In fact, for a given low-resolution (LR) image, there exist infinitely many compatible high-resolution (HR) predictions. This poses severe challenges when designing deep learning based super-resolution approaches.

문제 제기 1: LR이미지에 잃은 high-frequency information을 추가하는 능력 향상이 목표임. 하지만 많은 경우의 수가 있어서 어려움이 있음.

While achieving sharper images with better perceptual quality, such methods only predict a single SR output, which does not fully account for the ill-posed nature of the SR problem.

문제 제기 2: 더 나은 perceptual quality와 sharper한 이미지를 위해 loss를 개선하는 방법들이 제안되었지만 아직은 부족함.

We address the limitations of the aforementioned approaches by learning the conditional distribution of plausible HR images given the input LR image. To this end, we design a conditional normalizing flow [11,38] architecture for image super-resolution.

문제 제기 3 및 해결책: LR image를 conditional distribution에 의한 접근은 제한이 있음. 결론적으로는 conditional normalizing flow를 구축하여 해결함.

First, our method naturally learns to generate diverse SR samples without suffering from mode-collapse, which is particularly problematic in the conditional GAN setting [18,30]. Second, while GAN-based SR networks require multiple losses with careful parameter tuning, our network is stably trained with a single loss: the negative log-likelihood.
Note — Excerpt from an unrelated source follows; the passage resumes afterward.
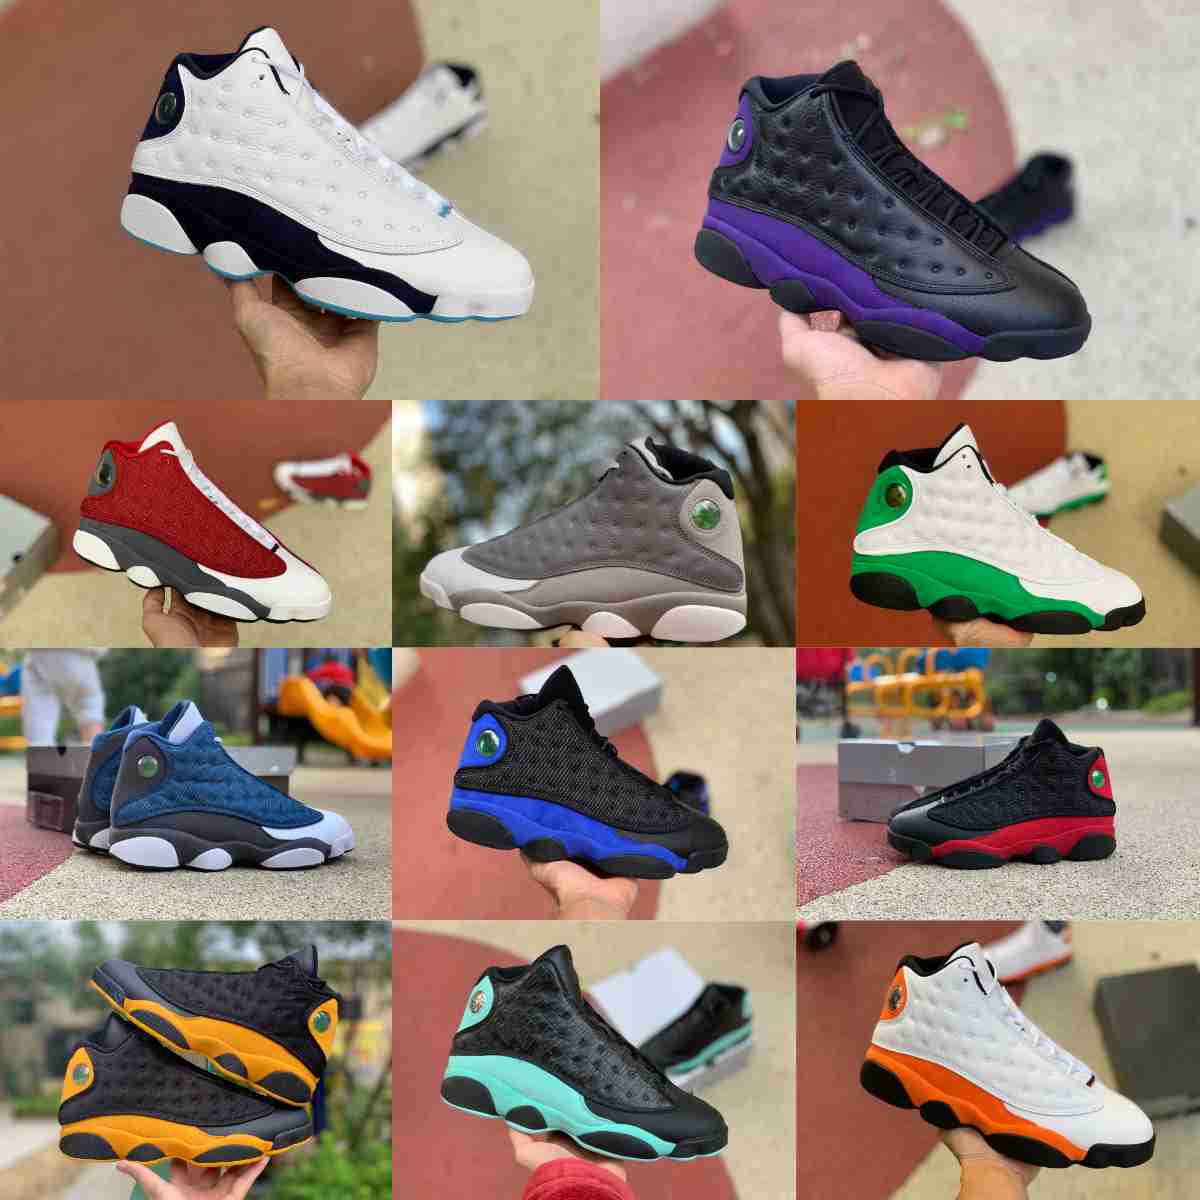 

Jumpman 13 13S Basketball Shoes Mens High Flint Black Cat Grey Toe Court Purple Chicago Bred Island Green Red Dirty Hyper Royal Starfish He Got Game Trainer Sneakers S8, J0021

Third, the flow network employs a fully invertible encoder, capable of mapping any input HR image to the latent flow-space and ensuring exact reconstruction.

결론

  1. GAN에 mode-collapse 없는 SR samples를 생성하도록 condition을 주어 학습함.
  2. GAN-based SR networks는 조심히 parameter tuning하는데, 저자 network는 오직 negative log-likelihood loss로 학습함
  3. flow network는 invertible encoder를 사용함. latent flow-space에 HR image mapping이 가능하고 올바르게 reconstruction 해줌.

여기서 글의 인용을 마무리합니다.